The experience of being in an
in-person performance again, after two years of Zooming, may have stimulated
some of my thinking. Also, as I have reported in this blog, I’ve read several
interesting books about theater recently. I’ve listed a number of these at the
end of this article.
So here are a few recent
thoughts on the challenging and interesting world of acting. They are personal
– my own thoughts – which means that any of them can be misleading or just
plain wrong. Nevertheless:
1.
Acting classes run the
risk of looking silly.
Several of the scenes that we performed satirize
acting classes, to the extent that I remarked to a fellow actor that I wondered
how an acting teacher would dare to do anything similar, after seeing these
scenes. If you’d like an example, check the 2009 play Circle Mirror Transformation
by Annie Baker (b. 1981).
[Circle Mirror Transformation premièred
at Playwrights Horizons, New York City from 13 October 2009 to 31 January 2010. The text
is published in Circle Mirror Transformation (Acting Edition), Dramatist’s
Play Service, 2010; The Vermont Plays: Four Plays, Theatre
Communications Group, 2012; and Circle Mirror Transformation, Faber and
Faber, 2013.]
No doubt about it, acting class exercises can
look silly – exercises such as a group lying on the floor with eyes closed
trying to count to 10 one by one without two saying the same number at once, or
walking in random patterns noticing things about each other.
,
These examples, and others, can look funny
because they don’t seem to have much to do with stage work except in the
most general way. In fact, they are forms of exercise, and any type of exercise
can seem odd.
In a gym, for example, one does a number of
activities that an outsider might think of as pointless, like walking in place
for long periods of time (outside of the Army, how often do you do that?), or lifting
heavy objects (weights) and putting them down again, over and over (again,
possibly as punishment, but otherwise, when?).
We know, of course, that these exercises build
muscle skills that are useful outside the training room. In the same way, acting
exercises in “technique” classes can strengthen the performer’s ability onstage
to focus, to relate to others, to live “in the moment,” and so on. Those are “portable”
skills, also useful in life and unquestionably useful in acting.
I do feel that an acting teacher should
periodically make explicit the connection between exercises and performance – that
is, that a teacher should point out now and then why the class is doing the
exercises it’s doing.
I took one adult “technique” class at a well-known
acting school where the teacher clearly worked without a plan, calling out
exercises at random with no point in mind as far as I could tell except a
general feeling that we’d be better performers as a result. The result,
honestly, was a generally disinterested class.

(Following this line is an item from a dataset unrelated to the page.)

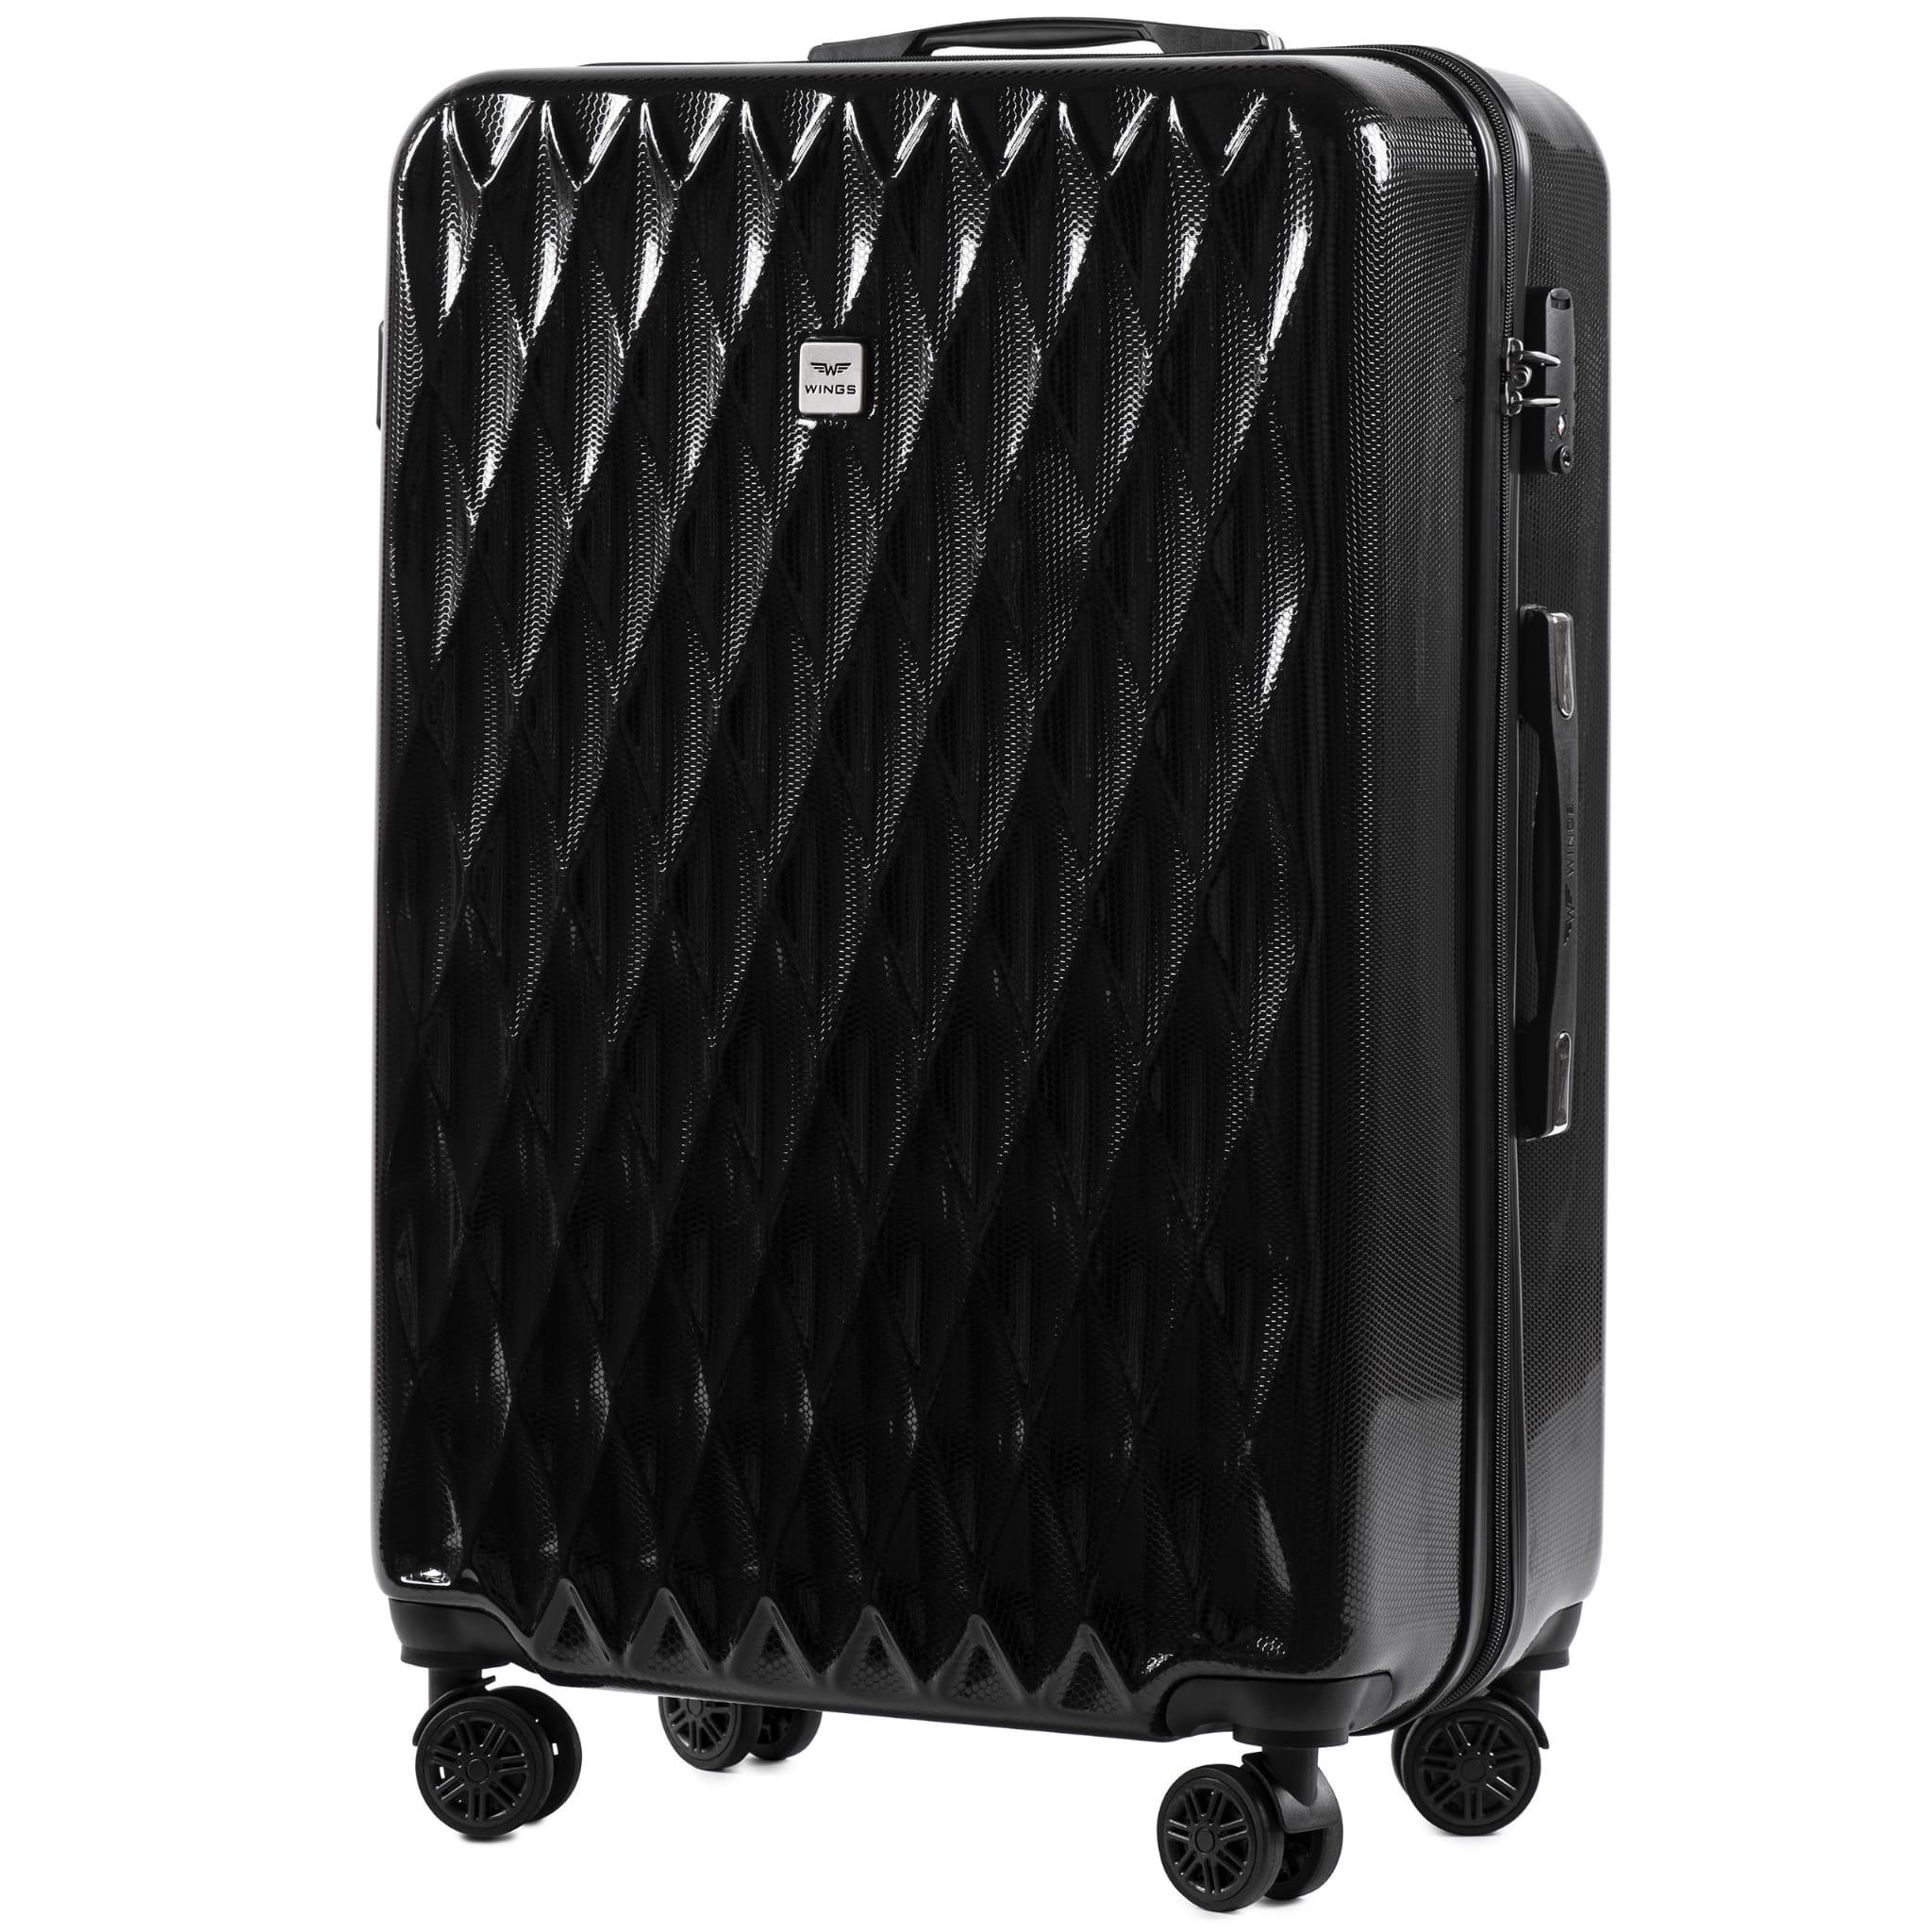 БОЛЬШОЙ ЧЕМОДАН WINGS PC190 L BLACK  PREMIUM НА 4-Х КАУЧУКОВЫХ КОЛЕСАХ! Для багажа ,до 23 кг!

I have used the kind of “technique” exercises
described above in creative dramatics classes – and occasionally, I regret to
say, used them arbitrarily. However, I haven’t employed that kind of exercise
much when specifically teaching acting.
Instead I try to stay closer to actual texts,
sometimes from plays, sometimes specifically created for training purposes.
Similarly, when directing a play the only exercises I use are related to the
texts.
An exception, in all situations, is the relaxation
exercise. Relaxation is so essential for a good performance that such exercises
can be useful anytime.
2. There are no simple productions. Any
production adds layers of complication as it gets closer to performance.
This statement is dogmatic, but I stand behind
it, and I present my recent acting experience as proof. We began with the
notion that we would do a “bare bones” show, no costumes, no props (that is, “properties,”
objects used on stage), no sets. Well . . . Wear anything” becomes “wear this.”
“No props” becomes “props.” “No set” turns into borrowed “flats” (set walls) and
curtains.
We were hardly alone in this experience. For
example, William Redfield’s Letters from an Actor, referenced below, tells
the story of the 1964 production of Hamlet directed by John Gielgud
(1904-2000) and starring Richard Burton (1925-1984). Gielgud and Burton
decided, primarily for artistic reasons, to stage the play on a mostly bare
stage, with the actors wearing rehearsal clothes.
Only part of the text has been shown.